In addition, methyl ester, ethyl ester, n-propyl ester, isopropyl ester, n-butyl ester, isobutyl ester, sec-butyl ester, and tert-butyl ester of the carboxylic acid represented by the above formula (b1-1). , n-pentyl ester, n-hexyl ester, n-heptyl ester, n-octyl ester, cyclopropyl ester, cyclobutyl ester, cyclopentyl ester, cyclohexyl ester, cycloheptyl ester, cyclooctyl ester, phenyl ester, o- Tolyl ester, m-tolyl ester, p-tolyl ester, α-naphthyl ester, β-naphthyl ester, benzyl ester, and phenethyl ester are also preferred as carboxylic acid esters.

(carboxylic acid anhydride)

The carboxylic acid anhydride is not particularly limited as long as it is a compound having a carboxylic acid anhydride group (-CO-O-CO-).

Preferred examples of carboxylic acid anhydride include acetic anhydride, propionic anhydride, butanoic anhydride, benzoic anhydride, phthalic anhydride, naphthalic anhydride, succinic anhydride, hetic anhydride, hymic acid anhydride, maleic anhydride, tetrahydrophthalic anhydride, and hexahydrophthalic anhydride. , tetrabromophthalic anhydride, tetrachlorophthalic anhydride, trimellitic anhydride, pyromellitic acid anhydride, benzophenone tetracarboxylic anhydride, 2,3,6,7-naphthalene tetracarboxylic dianhydride, and 5- (2,5-oxotetrahydrofuryl)-3-methyl-3-cyclohexene-1,2-dicarboxylic acid anhydride, and styrene maleic anhydride copolymer.

(carbonate)

Carbonate is not particularly limited as long as it is a compound having a carbonate bond (-O-CO-O-). The carbonate may be a linear carbonate such as dimethyl carbonate or a cyclic carbonate such as ethylene carbonate.

Preferred specific examples of carbonate compounds include dimethyl carbonate, diethyl carbonate, din-propyl carbonate, diisopropyl carbonate, diphenyl carbonate, ethylene carbonate, and propylene carbonate.

Among the carbonyloxy compounds (B1) described above, the following formula (b1):

(In formula (b1), R ^b0 is an alkyl group or an aromatic group that may have a substituent, and R ^b9 is a hydrogen atom or an alkyl group.)

Compounds represented by are particularly preferable.

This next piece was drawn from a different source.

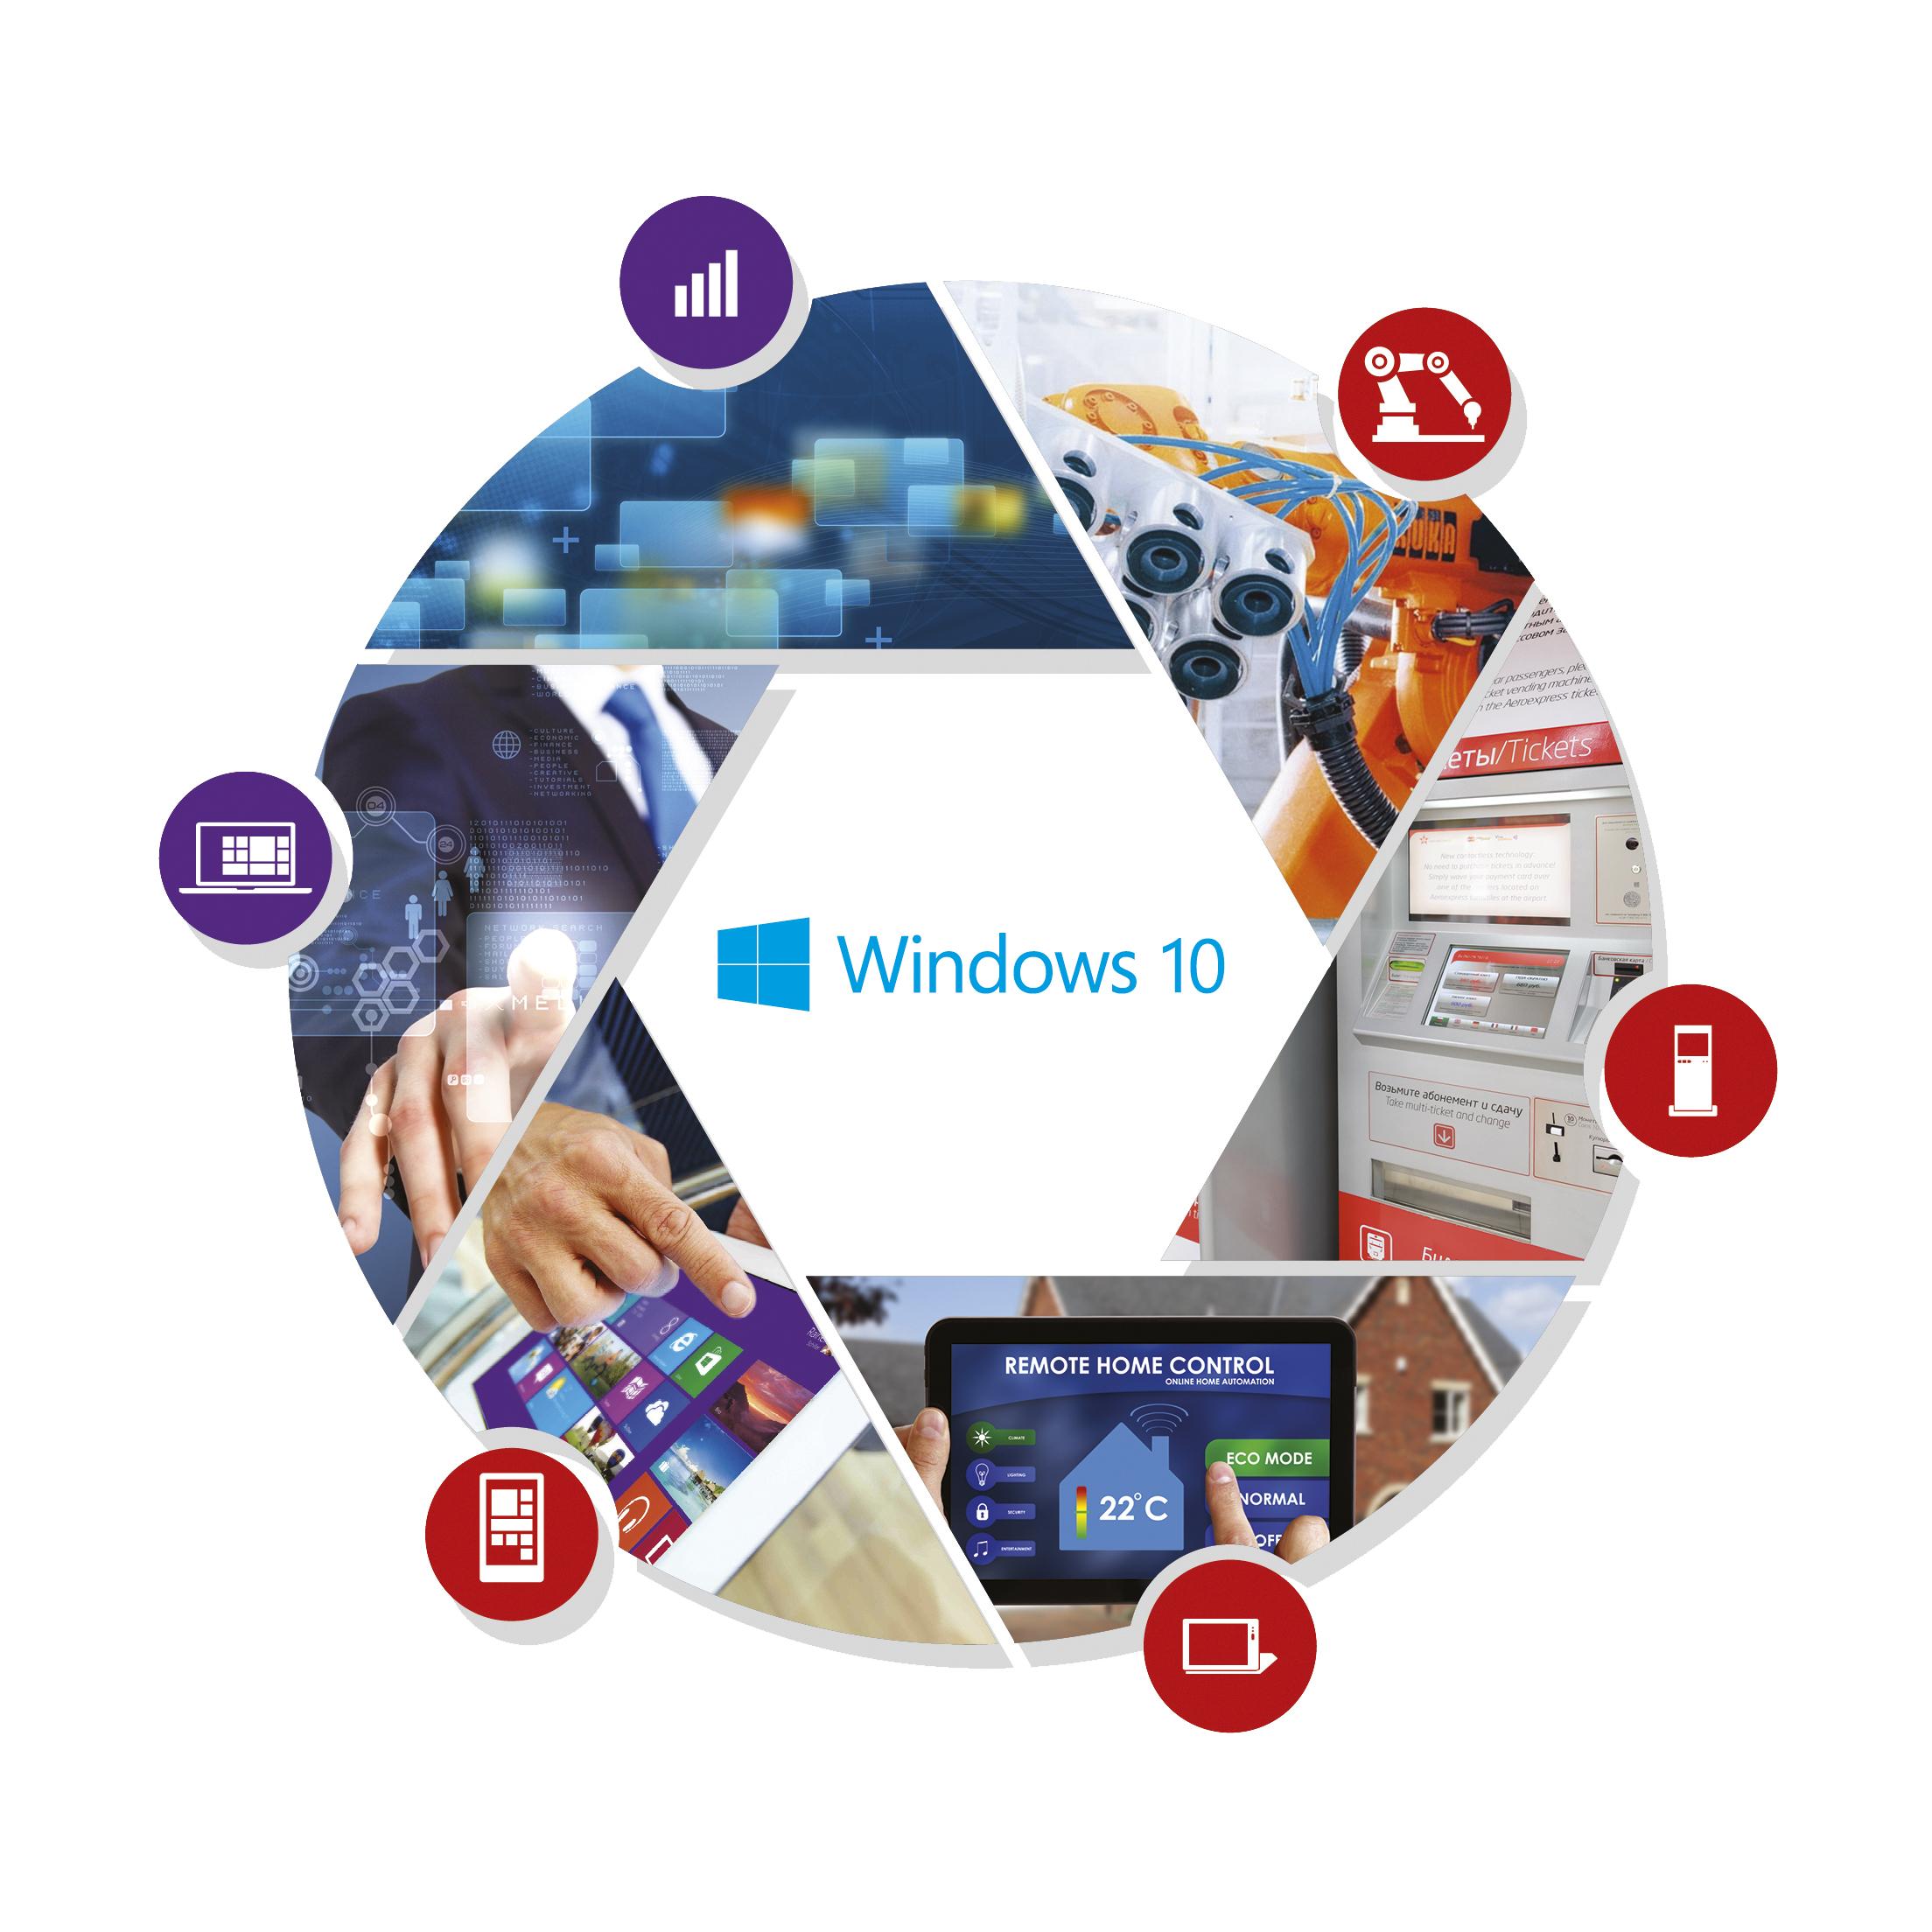 Создавайте новые устройства на базе современной ОС Windows 10 IoT

When R ^b9 is an alkyl group, the alkyl group is the same as the alkyl group of R ^b0 in formula (b1-1) described above.

Moreover, in this embodiment, it is especially preferable that R ^b9 is a hydrogen atom because the polyamic acid (A) can be converted into polyimide at an appropriate rate.

[Basic nitrogen-containing compound (B2)]

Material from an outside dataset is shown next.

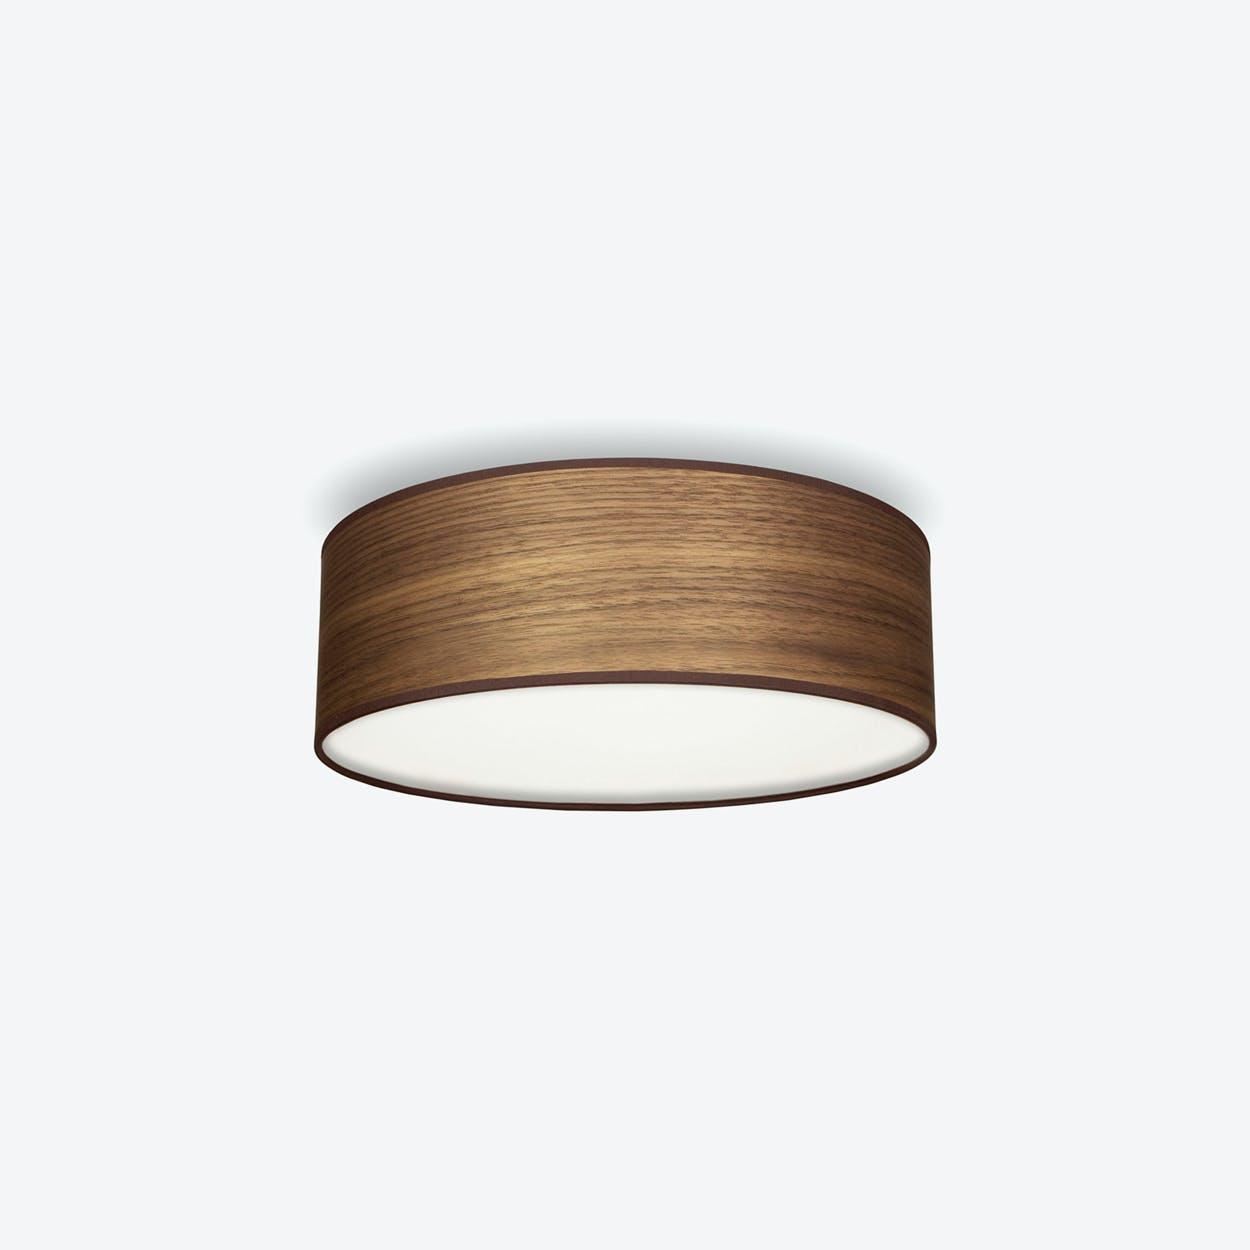 TSURI Medium Ceiling Lamp in Walnut

The basic nitrogen-containing compound (B2) is not particularly limited as long as it is a compound that contains a nitrogen atom and exhibits basicity as defined by Brønsted.

Examples of basic nitrogen-containing compounds (B2) include ammonia, methylamine, ethylamine, n-propylamine, isopropylamine, isobutylamine, n-butylamine, n-pentylamine, n-hexylamine, and dimethylamine. , diethylamine, din-propylamine, diisopropylamine, diisobutylamine, din-butylamine, din-pentylamine, din-hexylamine, trimethylamine, triethylamine, trin-propylamine Amine, triisopropylamine, triisobutylamine, trin-butylamine, trin-pentylamine, trin-hexylamine, aniline, o-toluidine, m-toluidine, p-toluidine, α-naphthylamine, and acyclic amines such as β-naphthylamine, o-phenylenediamine, m-phenylenediamine, and p-phenylenediamine.

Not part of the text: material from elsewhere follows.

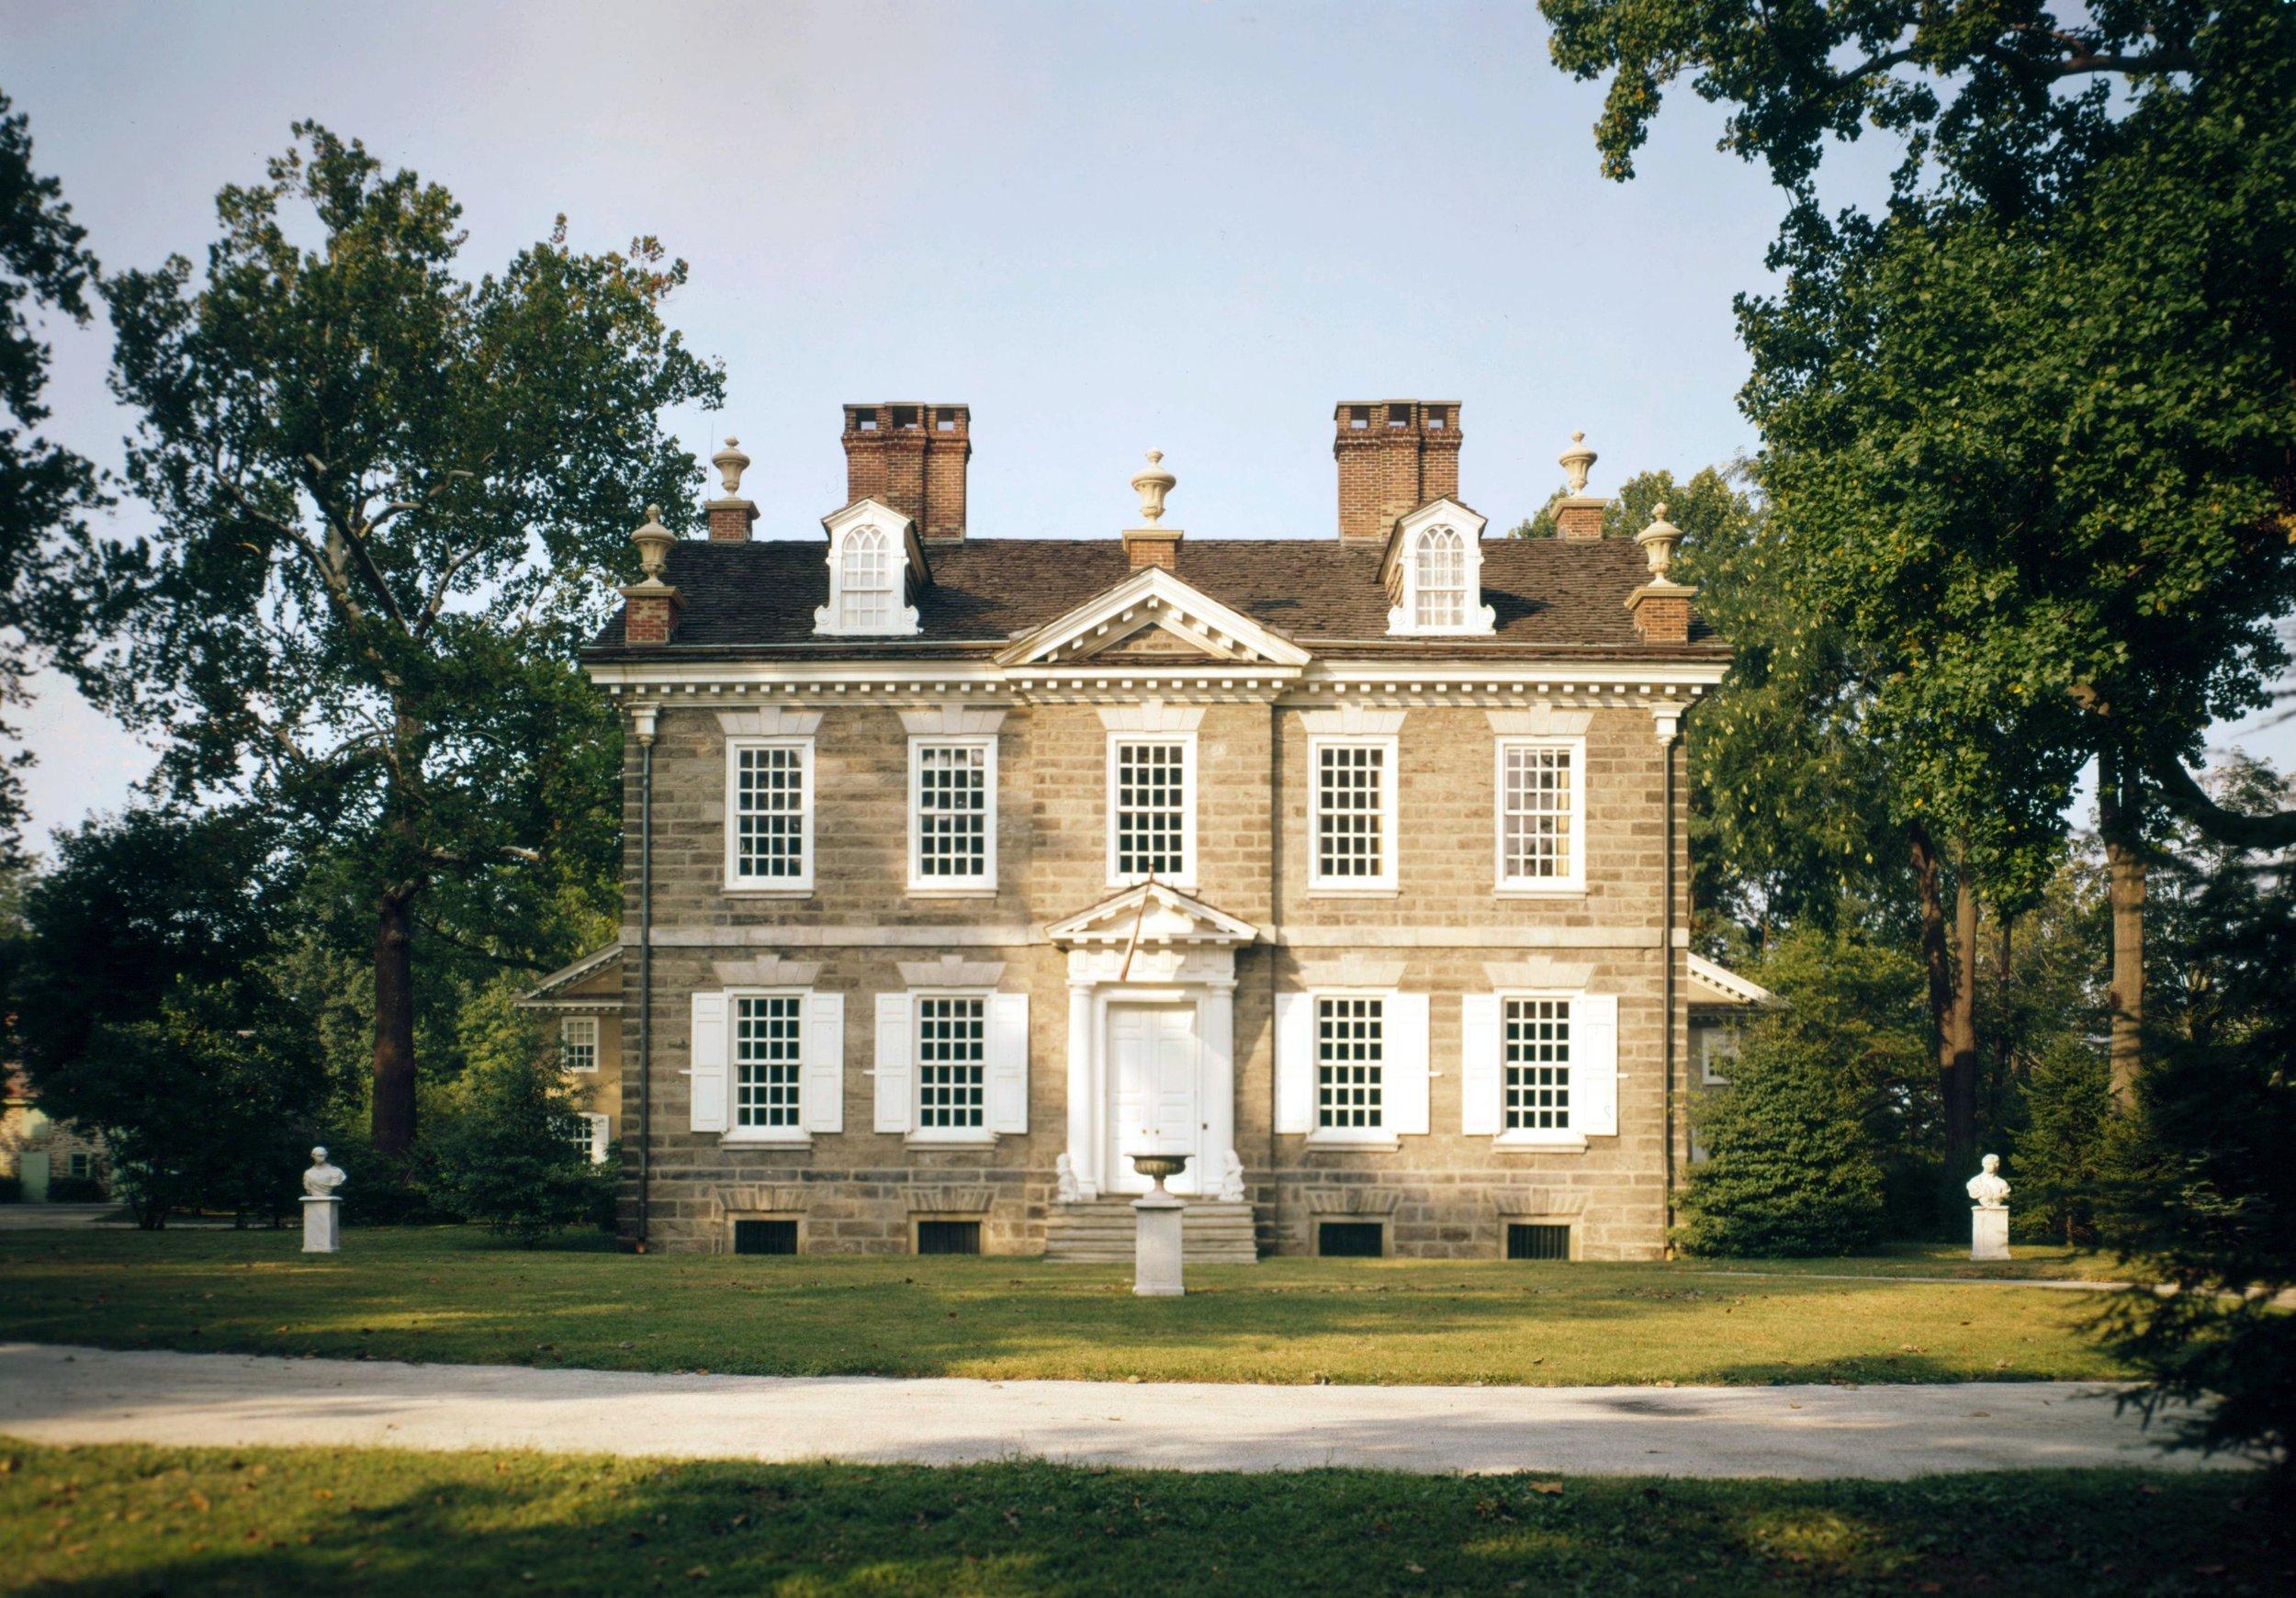 Cliveden_Mansion,_Philadelphia,_HABS_PA-1184-88.jpg

Additionally, guanidine, aminopyridine, aminoalkylpyridine, aminopyrrolidine, indazole, imidazole, pyrazole, pyrazine, pyrimidine, purine, imidazoline, pyrazoline, piperazine, aminomorpholine, and aminoalkylmol. Porin and the like are also preferable as basic nitrogen-containing compounds (B2).

These may have a substituent, and preferred substituents include amino group, aminoalkyl group, alkylamino group, aminoaryl group, arylamino group, alkyl group, alkoxy group, acyl group, acyloxy group, aryl group, aryloxy group, nitro group, hydroxyl group, and cyanogroup. Examples include anger, etc.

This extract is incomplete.